Yes to the pick up being faulty, check the connectors too!!! I had some that were loose
 
The fuel pump should not run each and every time you turn the key on. You might consider taking it apart and inspecting the insides of it's diaphram area to see if the two small rubber grommet/valves are still intact, and in their correct place. Known problem for one or both of them to become dislodged, and when it happens, the pump will have problems keeping up correct fuel pressure.
 
have you tryied running the bike with the fuel switch in res mode. despite your tank is full you may have a problem with the switch

I have tried this, didn't help. Will be checking all the other ideas as soon also. Thanks for the replies!
 
One other thing to check would be the fuel tank breather. Next time it dies remove the fuel cap and listen for an inrush of air.

If not already done so I would also clean all of the earth points and do 'The Splice'

The fuel pump should not run each and every time you turn the key on. You might consider taking it apart and inspecting the insides of it's diaphram area to see if the two small rubber grommet/valves are still intact, and in their correct place. Known problem for one or both of them to become dislodged, and when it happens, the pump will have problems keeping up correct fuel pressure.

I put my money on these guys, either vacuum on tank or faulty pump, does she die only when revved up in cruise or she dies as well cruising at low rpms? Higher rpms demand extra fuel that the pump might not cope with (displaced diaphragm?), the vacuum issue will be noticed either at high or low rpms as its caused by fuel being used...
 
Think it is the fuel pump. Took the fuel line loose and checked the flow coming out, not adequate. Took the fuel pump apart but couldn't find any problem. Put it back together, tested again, worked a little better. Took it out for a test drive and it died again. Pushed it quarter mile to the shop at work. Backed off the carb drain screw, very little fuel in the bowl. Bike had hot start symptoms again but the V-boost did cycle a couple of times with the key this time. Think I am going to have to let the bike sit till I get caught up on bills. Bought two bikes this summer and had to build a motor for my son's pickup. Hope it starts and runs long enough tomorrow to get it home from the shop at work.
 
Not sure you symptoms right but i had issues with mine dying all of a sudden. My issue was the kickstand switch under the stand. just throwing that out there. it was going bad and my bike would just die, then after a few minutes or more would fire up like nothing happened then ride it abit and would quit again.
Michael
 
Not sure you symptoms right but i had issues with mine dying all of a sudden. My issue was the kickstand switch under the stand. just throwing that out there. it was going bad and my bike would just die, then after a few minutes or more would fire up like nothing happened then ride it abit and would quit again.
Michael

That was actually one of the things I had to fix to got this bike going originally. Found a replacement switch on eBay. If you are replacing yours make sure you get the right one. They aren't the same for all years of gen1 maxes.
 
That was actually one of the things I had to fix to got this bike going originally. Found a replacement switch on eBay. If you are replacing yours make sure you get the right one. They aren't the same for all years of gen1 maxes.

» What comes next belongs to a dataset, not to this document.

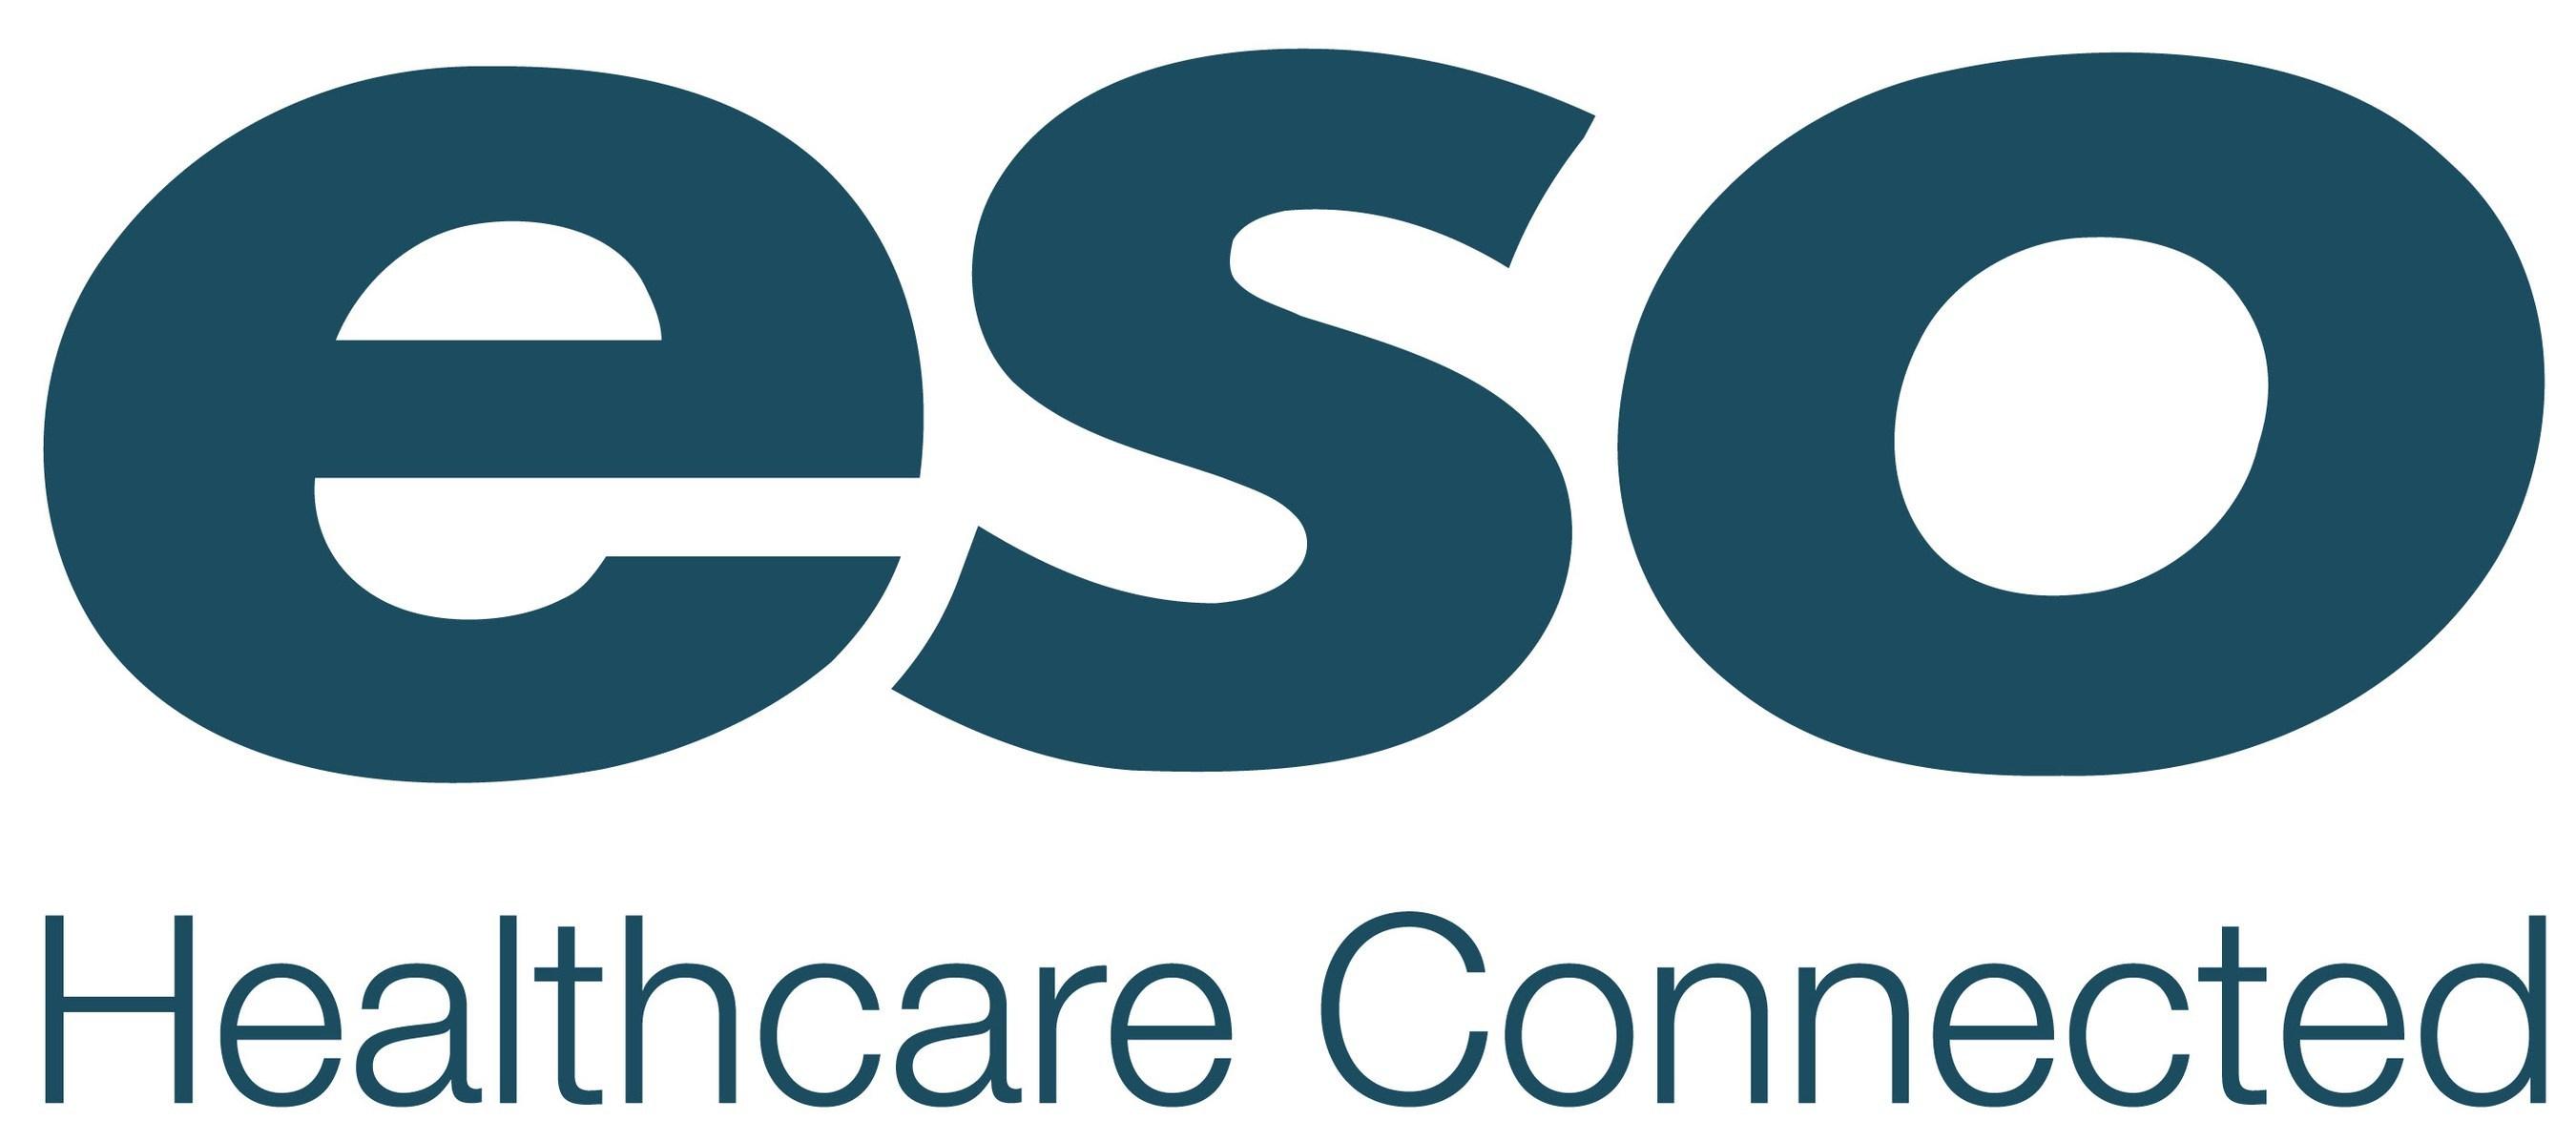 ESO Solutions, Inc. Logo (PRNewsfoto/ESO Solutions, Inc.)

once i figured out what was the problem i just jumped the switch and have never replaced. Am currently in the beginning stages of a frame swap so may put a new switch on and same with the neutral light.
 
That was actually one of the things I had to fix to got this bike going originally. Found a replacement switch on eBay. If you are replacing yours make sure you get the right one. They aren't the same for all years of gen1 maxes.
Mine is actually the old style switch on a new style harness. I just put different connectors on it.